═══ Stored data ═══

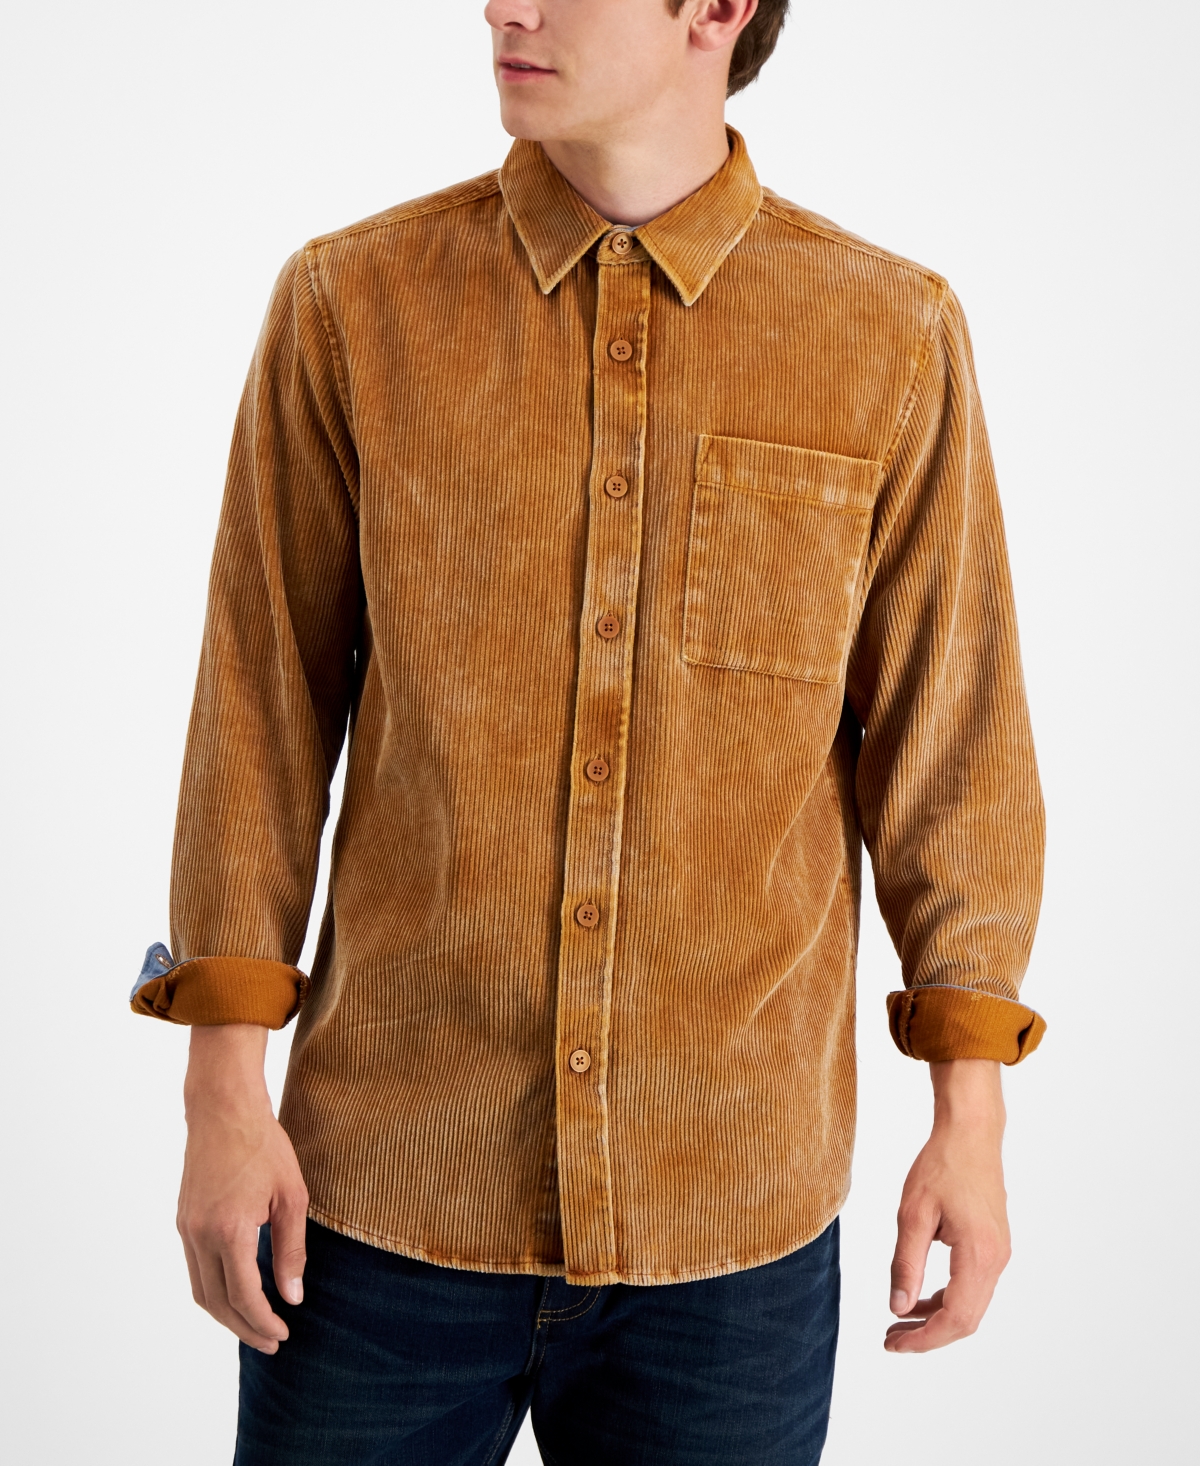 Sun + Stone Men's Corduroy Shirt, Created For Macy's In Artichoke
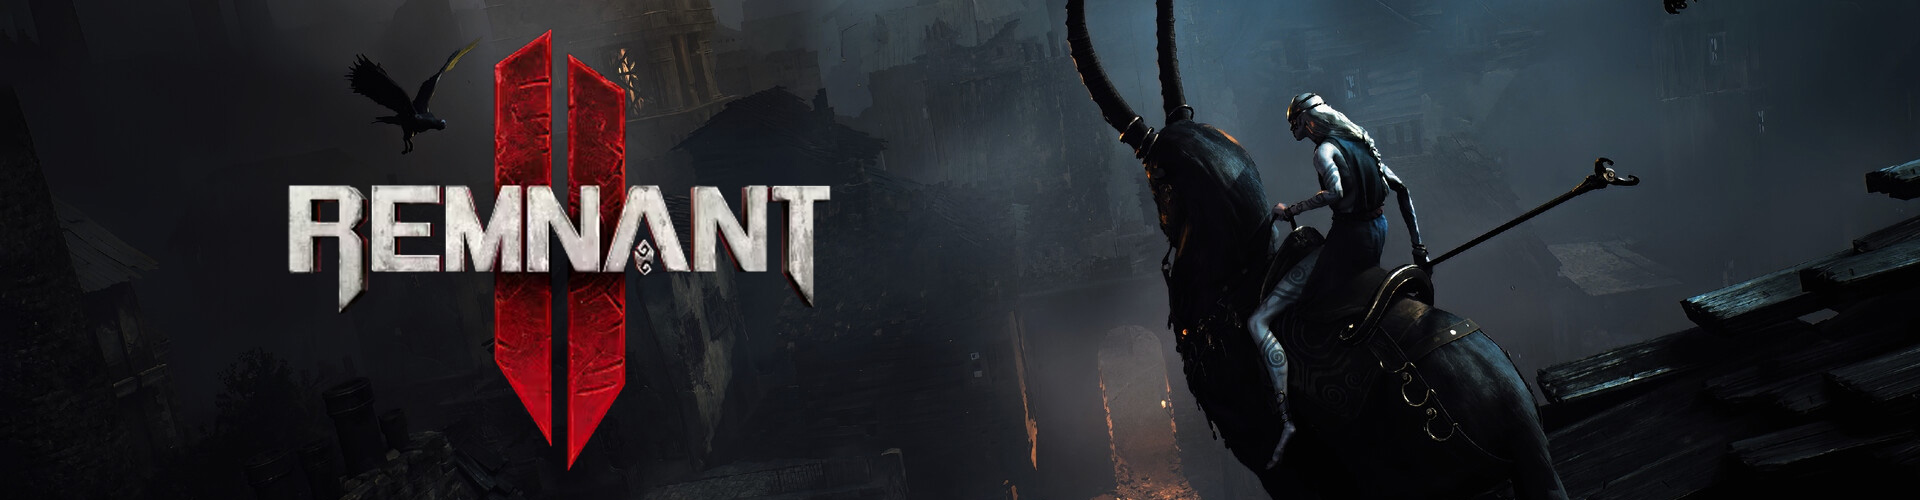 Remnant 2: Ein Souls-Like Multiplayer-Horrorspiel
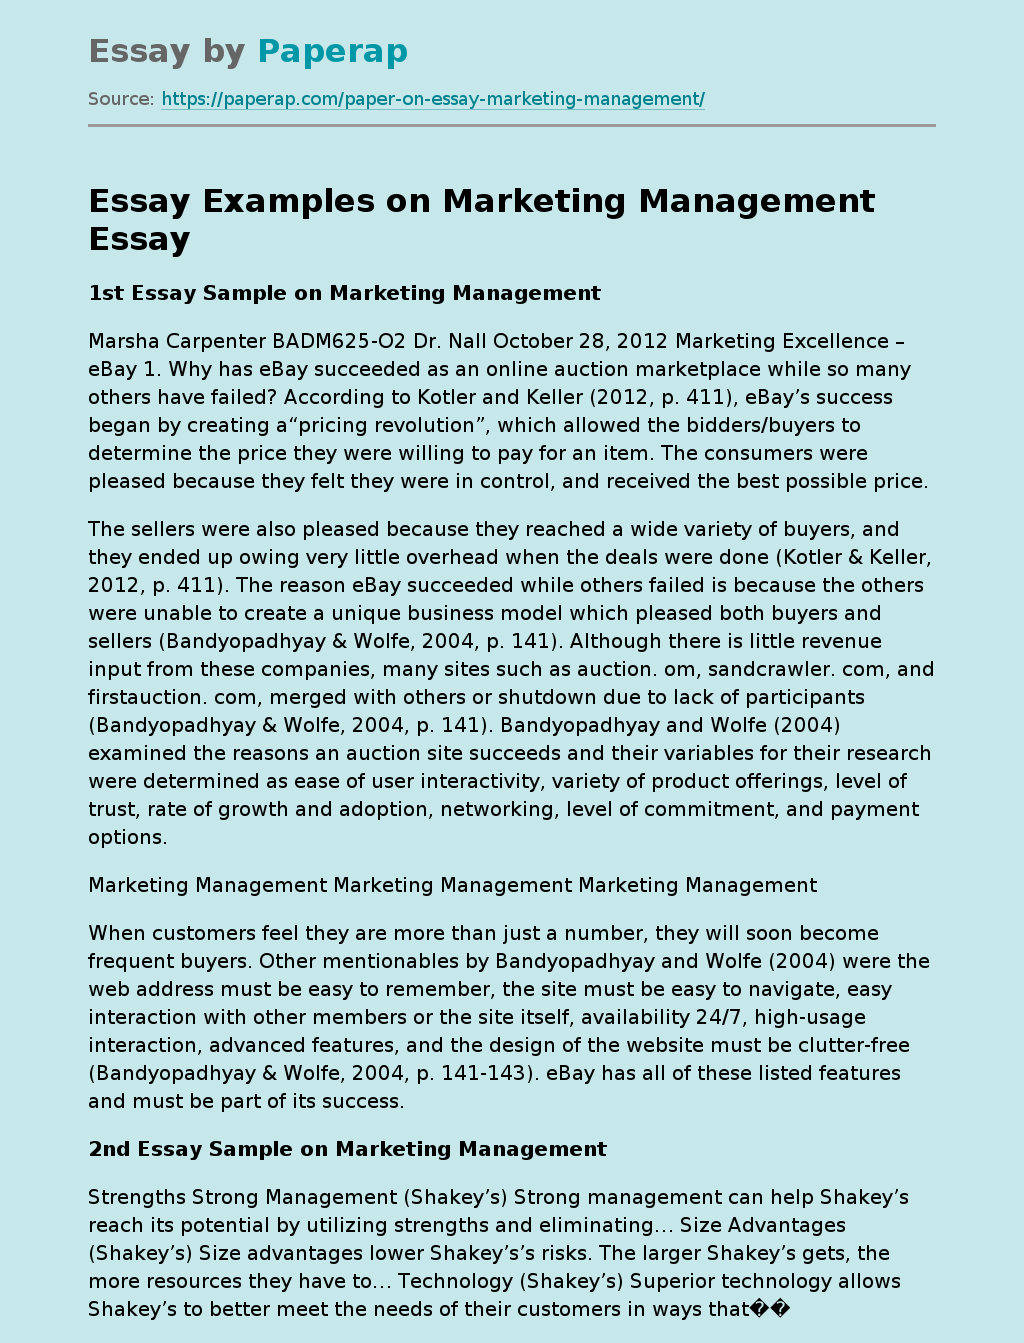 Marketing Management eBay

═══

● Task prompt
Print out the material word for word, omitting the pictures.

● Written answer
 Sun + Stone Men's Corduroy Shirt, Created For Macy's In Artichoke
 Remnant 2: Ein Souls-Like Multiplayer-Horrorspiel
 Marketing Management eBay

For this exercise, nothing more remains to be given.